(INFORMATION PROVIDED)

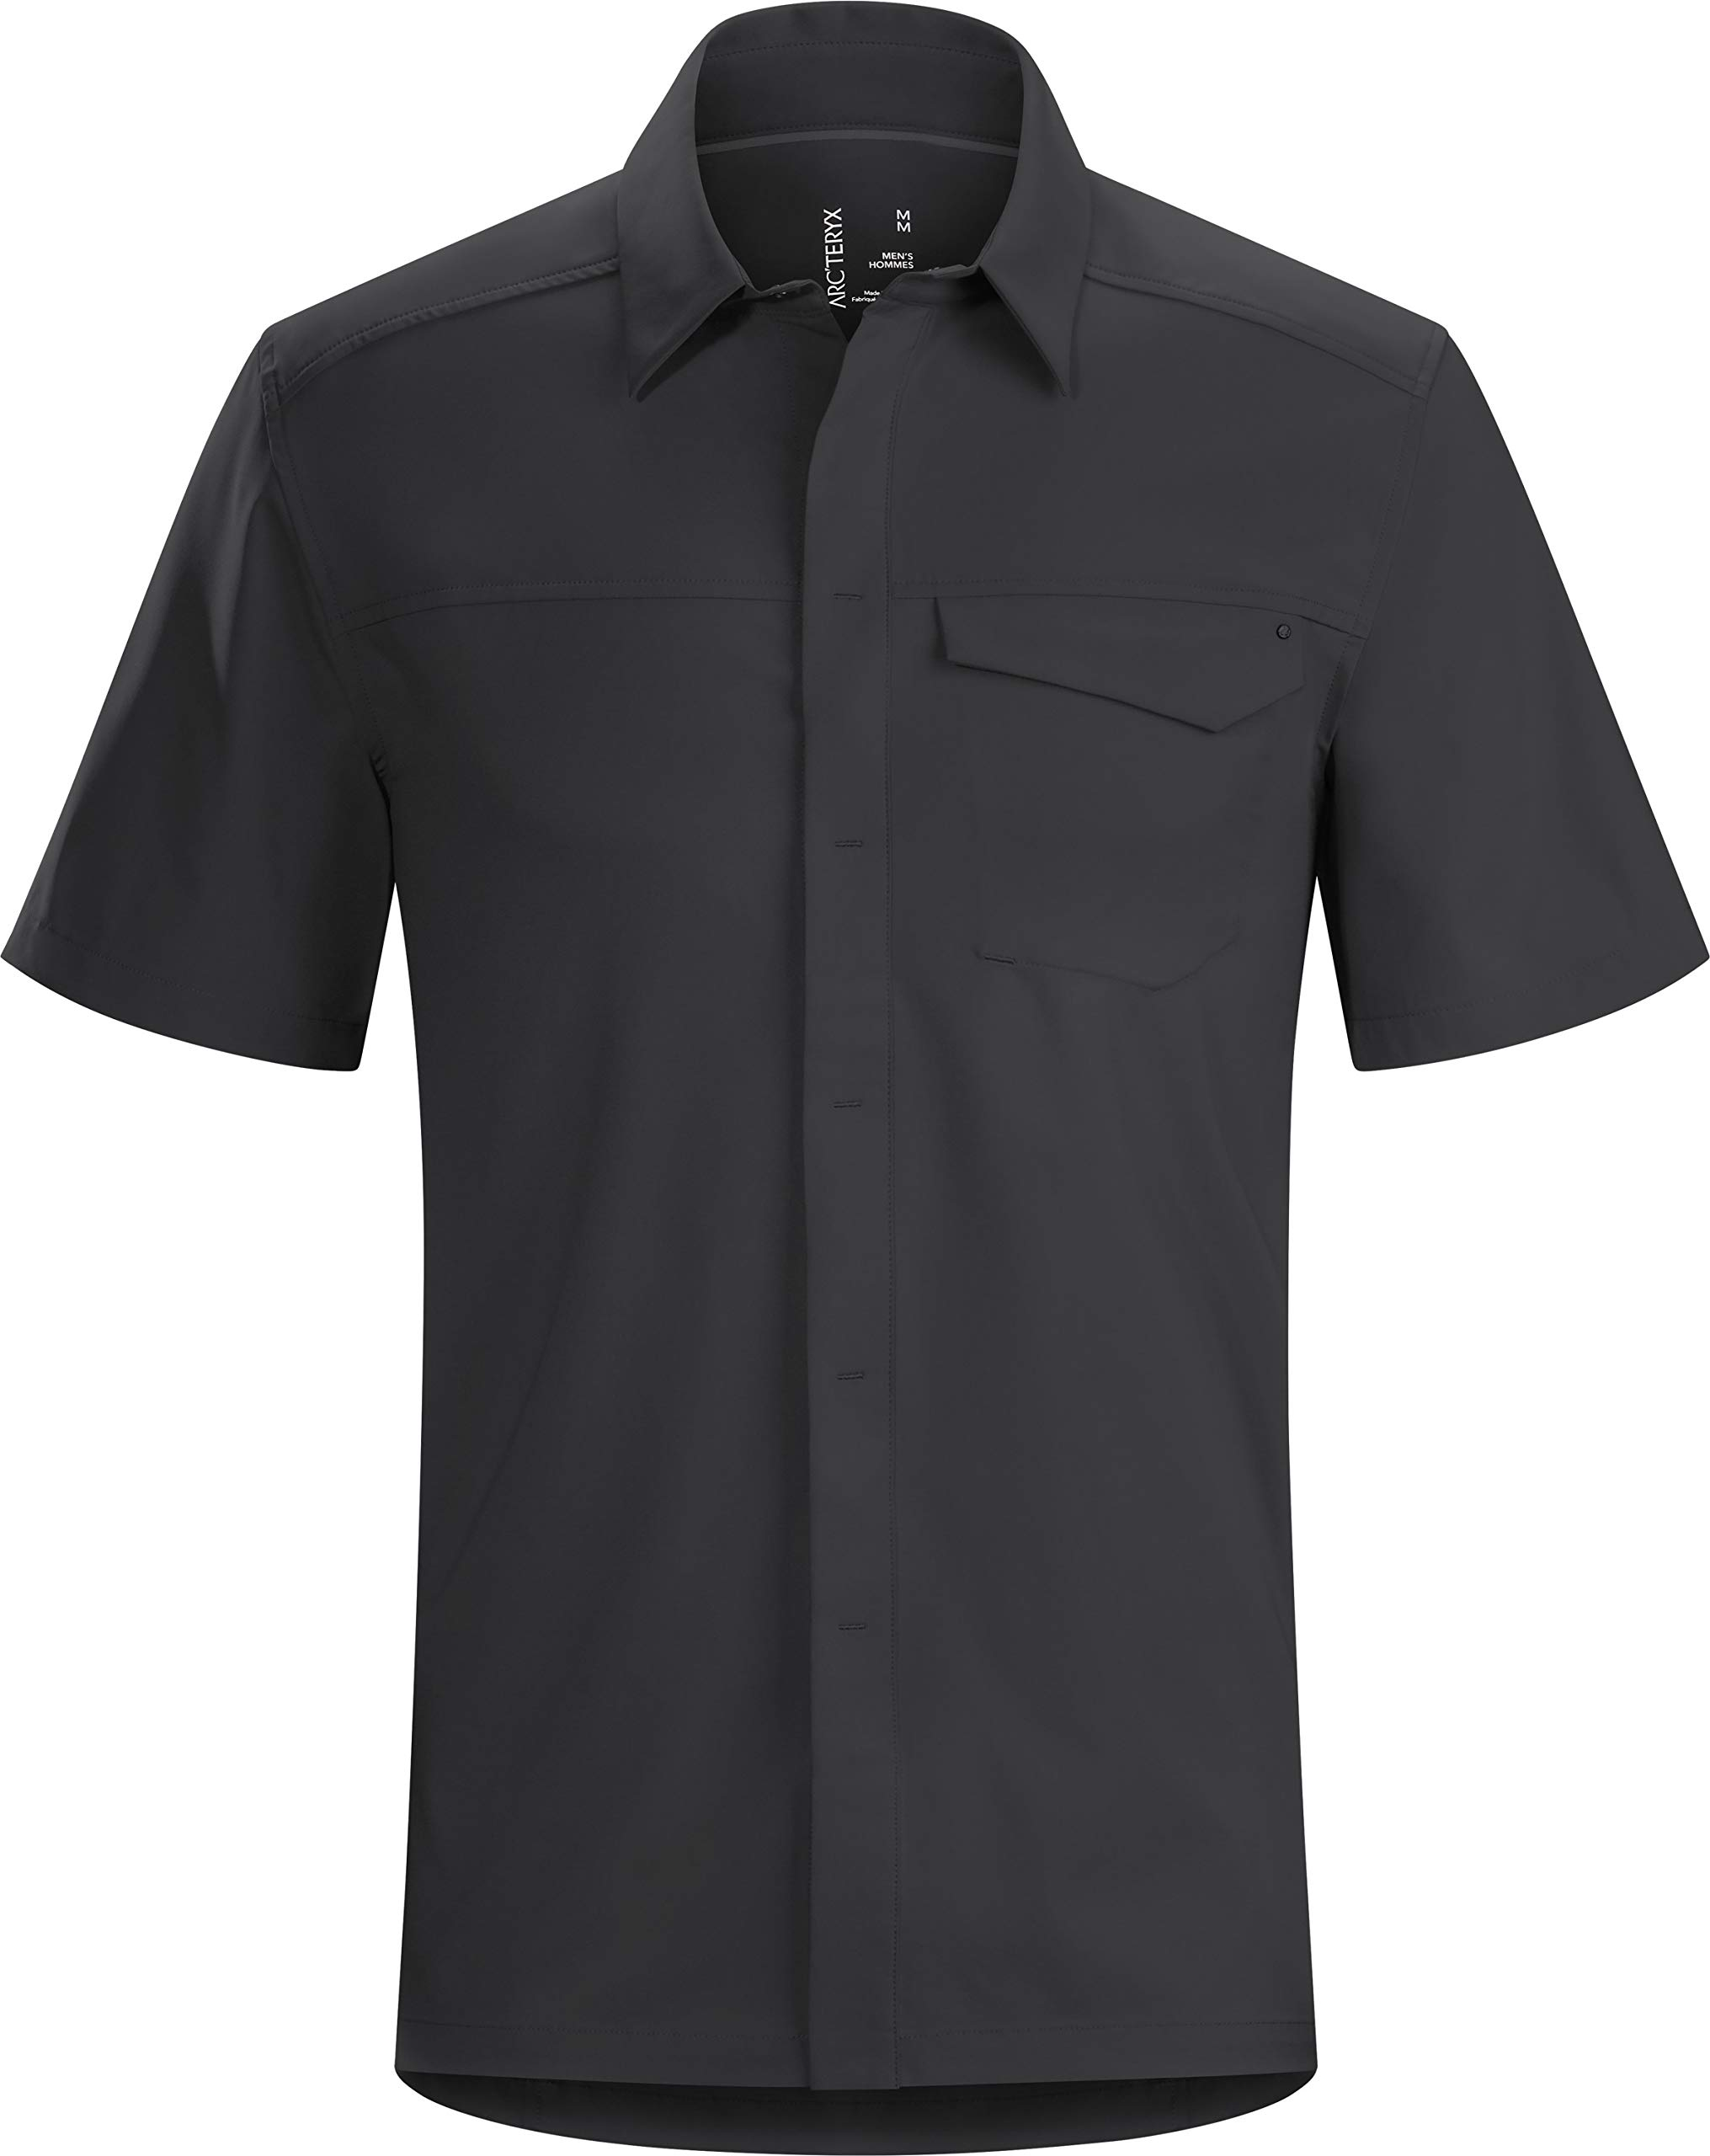 Arc'teryx Skyline SS Shirt Men's (Black, Small)
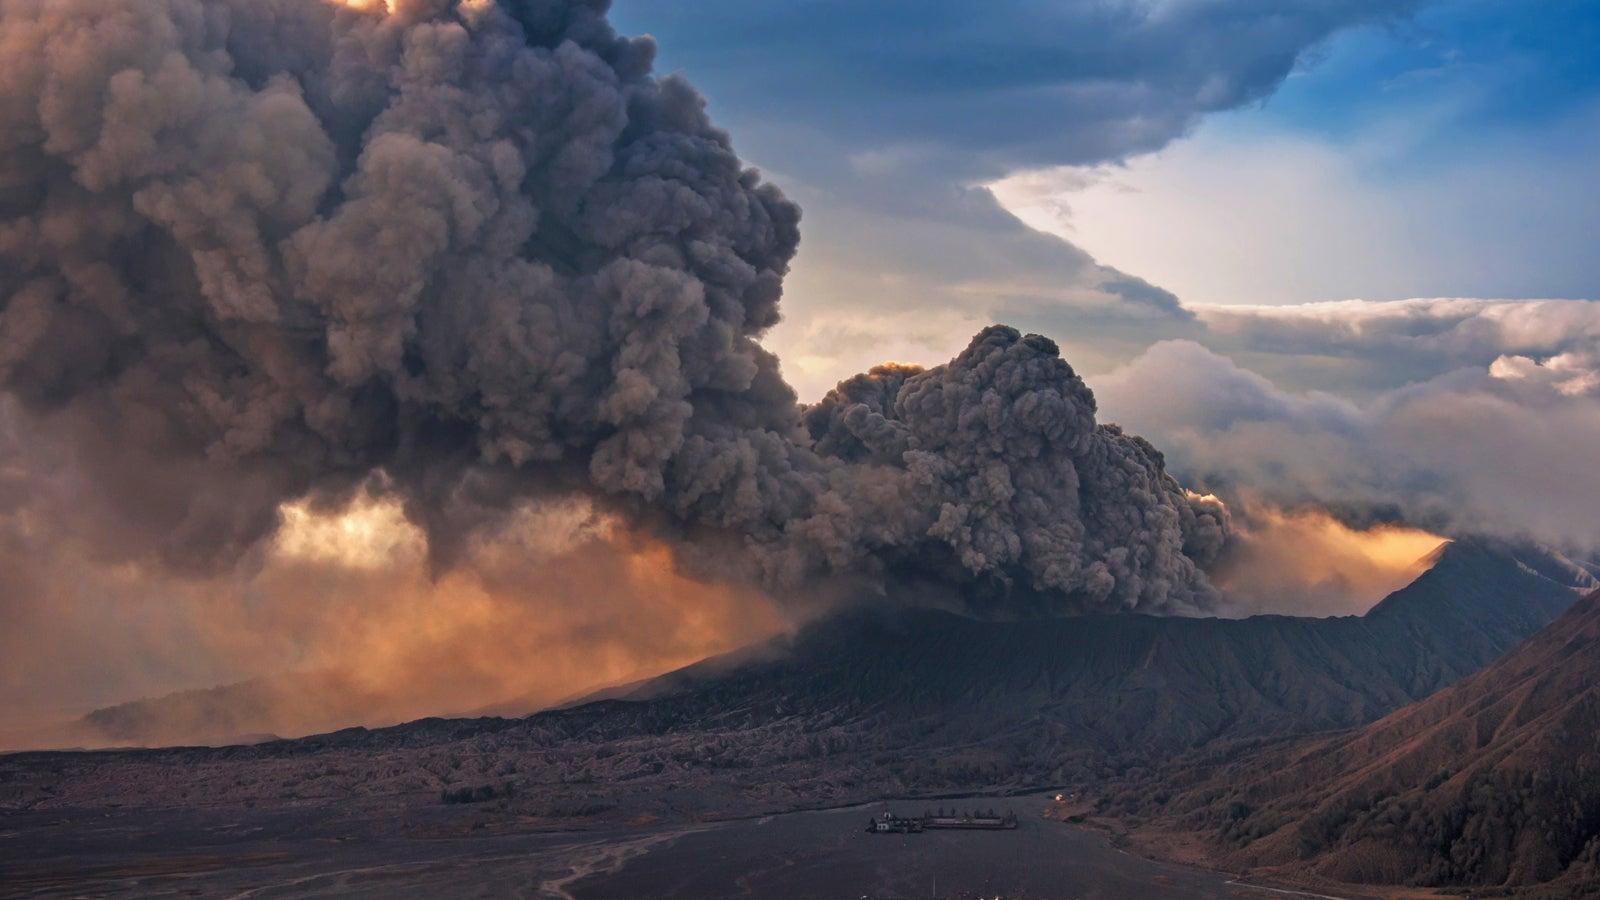 So kommt es zum Vulkanausbruch
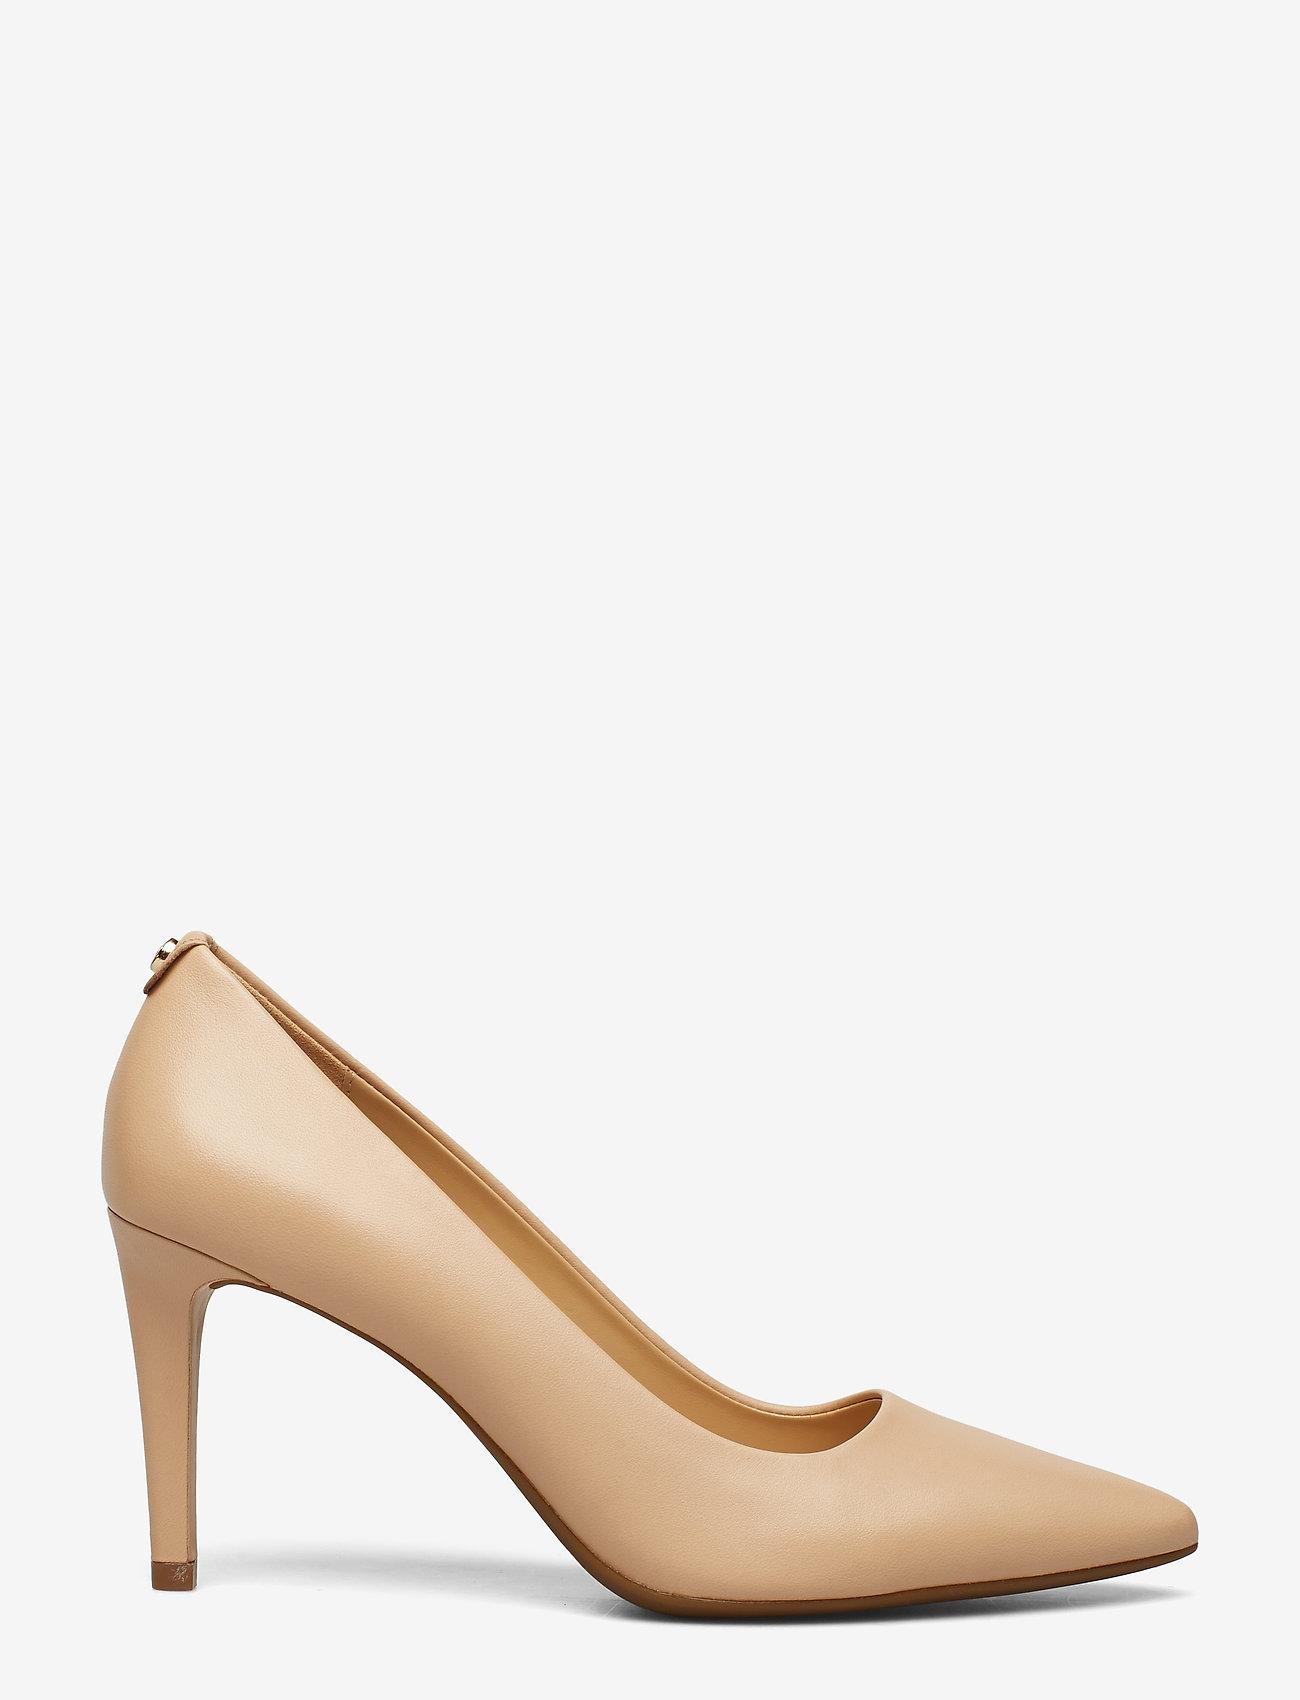 Michael Kors Shoes - DOROTHY FLEX PUMP - klassieke pumps - nude - 1
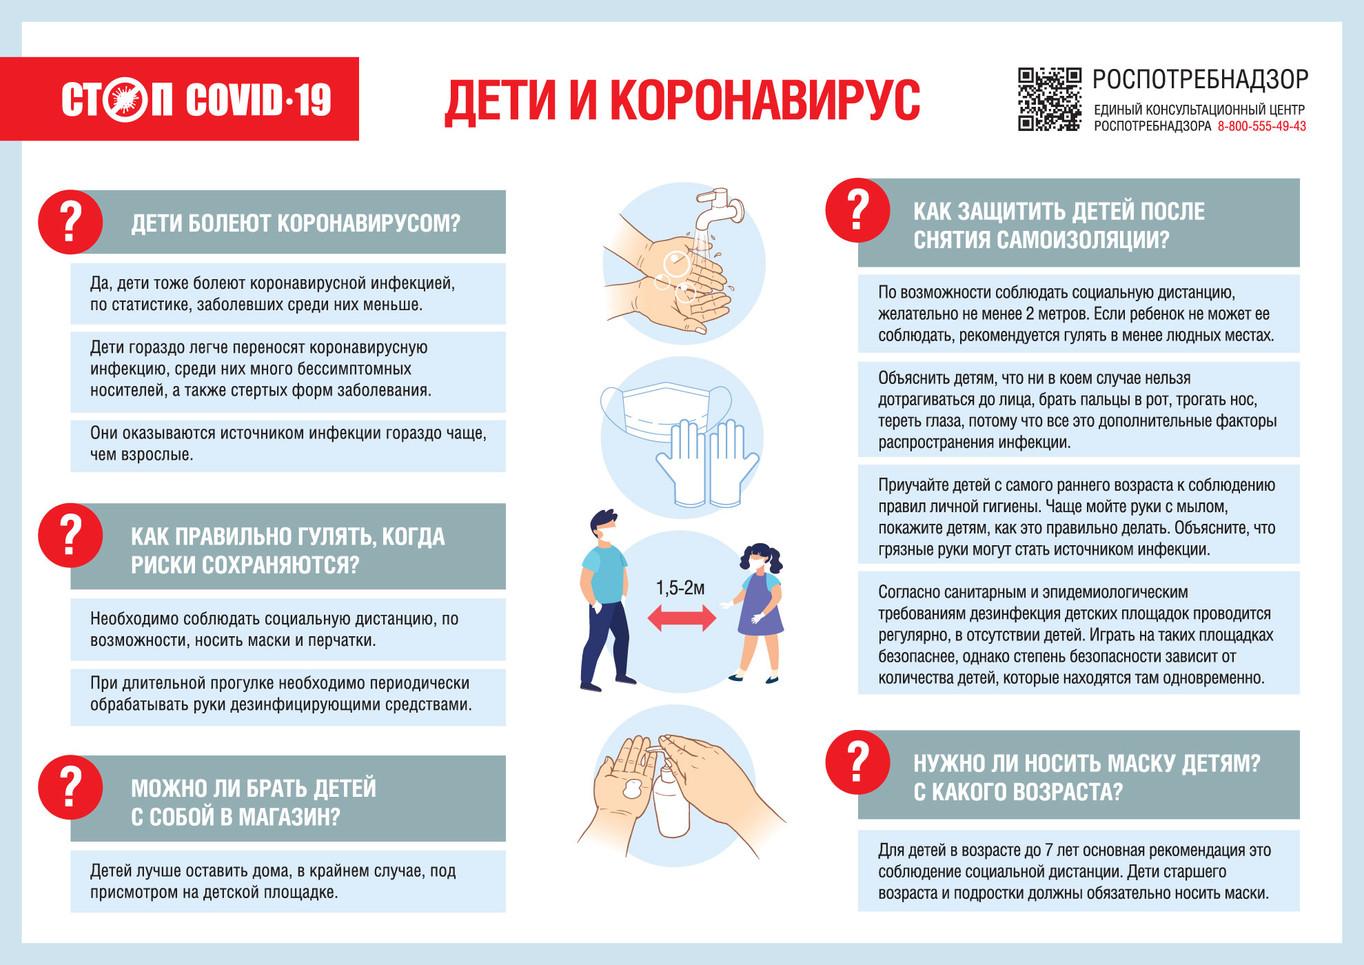 вх-7680_01-01-12_26_06_2020_A4-Vopros-ot

(End INFORMATION PROVIDED)

- [TASK] Where a picture appears, omit it, and otherwise retype the material exactly.

- [RESPONSE TO THIS TASK]
 Arc'teryx Skyline SS Shirt Men's (Black, Small)
 So kommt es zum Vulkanausbruch
 Michael Kors Shoes - DOROTHY FLEX PUMP - klassieke pumps - nude - 1
 вх-7680_01-01-12_26_06_2020_A4-Vopros-ot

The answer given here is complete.